Lux does not know what to make of this earnest reaction; she laughs nervously. At his confused look, she simply cups his cheek and draws his face towards hers.

Ezreal kisses her like she is air and he is drowning. Not in desperation, but enthusiasm. He kisses her with his whole body pressing gently against hers, more and more until he is propped up over her. Her legs are cramped to fit on the couch. To straddle her, one of his legs is off the couch, foot on the floor. He has to hold himself up with an arm over her head, gripping the arm-rest.

It feels strange to be in the shadow of someone shorter than her, but she doesn't have time to think about this for long. Ezreal's lips are chapped and chewed, pressed against hers rough, but in a satisfying, encompassing sort of way. She feels her own breath warm against his face, always so close that it heats her up, too.

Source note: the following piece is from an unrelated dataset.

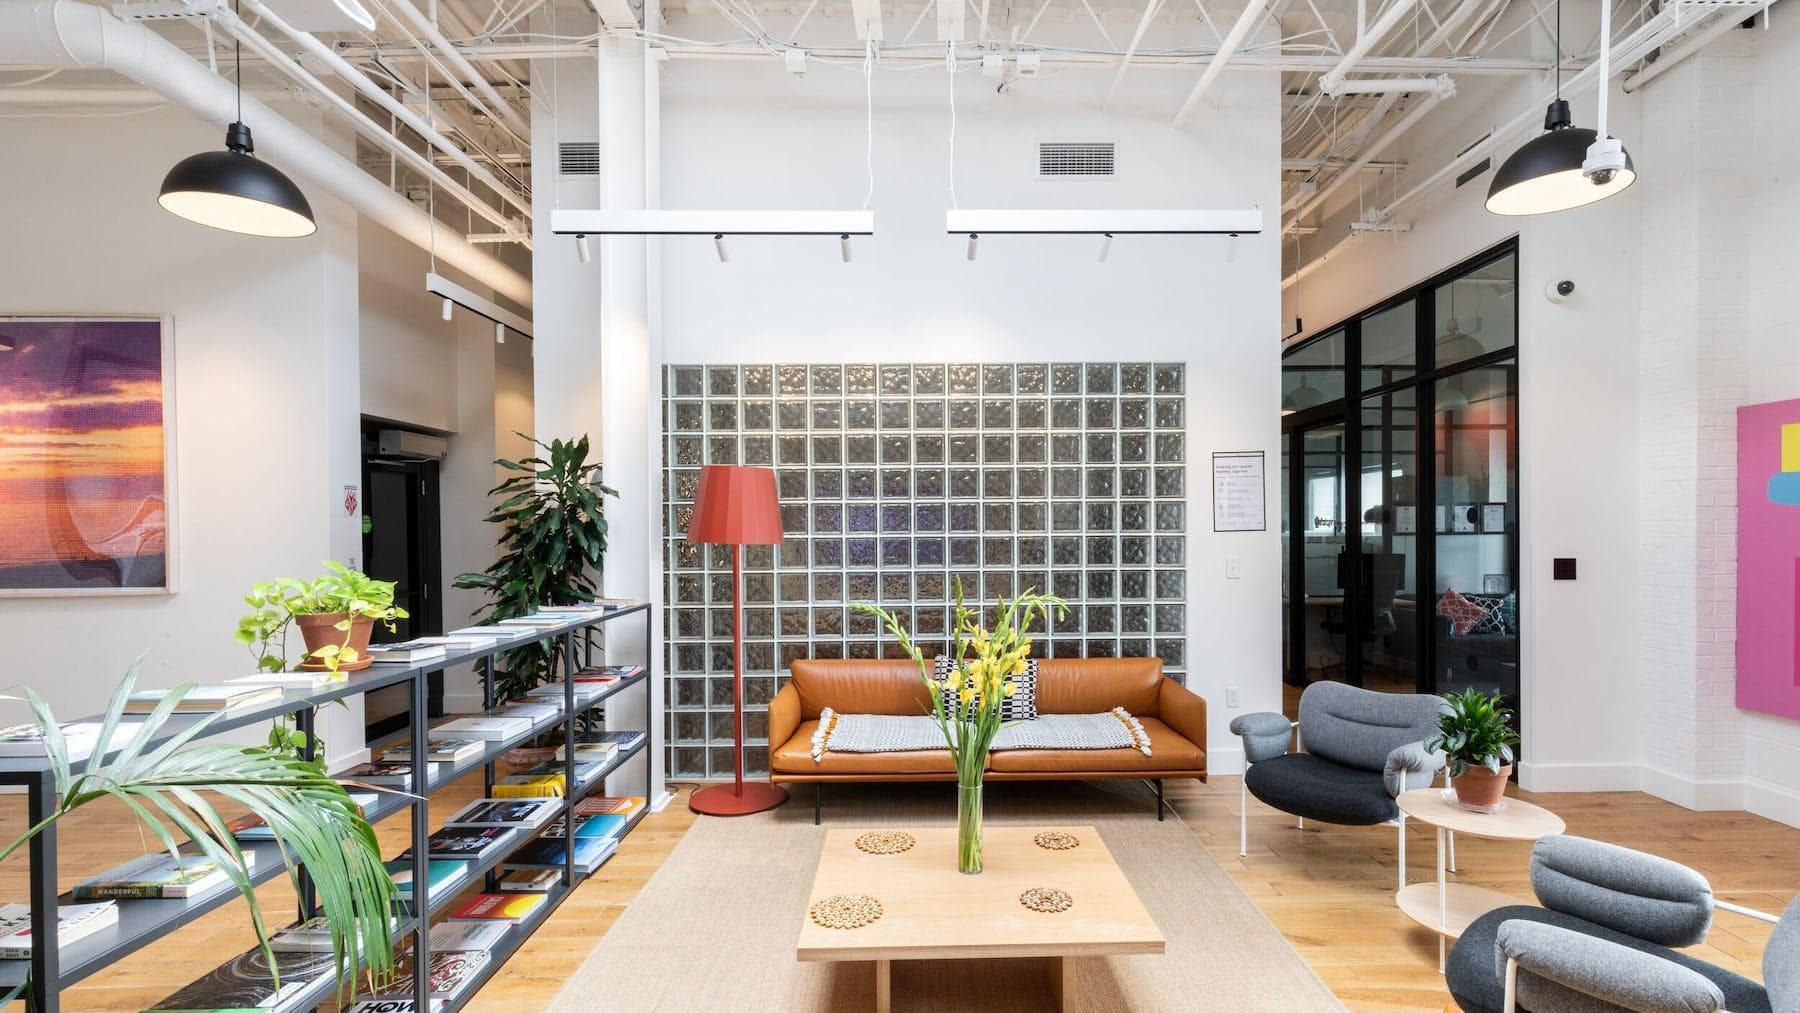 Common Area in the WeWork at College park with couches, modern style reading chairs, and open shelves of books, magazines, and other publications. Green office plants also decorate the space

Lux has always liked things that are overwhelming. She likes the feeling of being lost to her magic, the few times she gets to really push her limits - like she could burst like a bomb and take out the continent. She likes to feel lost in the world, away from home, like she might never find her way back, like she could escape every responsibility on her shoulders.

Lux also likes to feel like she is drowning in the petricite walls of Demacia. When she is oppressively stifled, that shortness of breath is like proof. It's the evidence that proves she is doing her best for her kingdom. When the life is drained out of her veins, she is normal, she is who they want her to be, and this means that she is loyal, that she is good.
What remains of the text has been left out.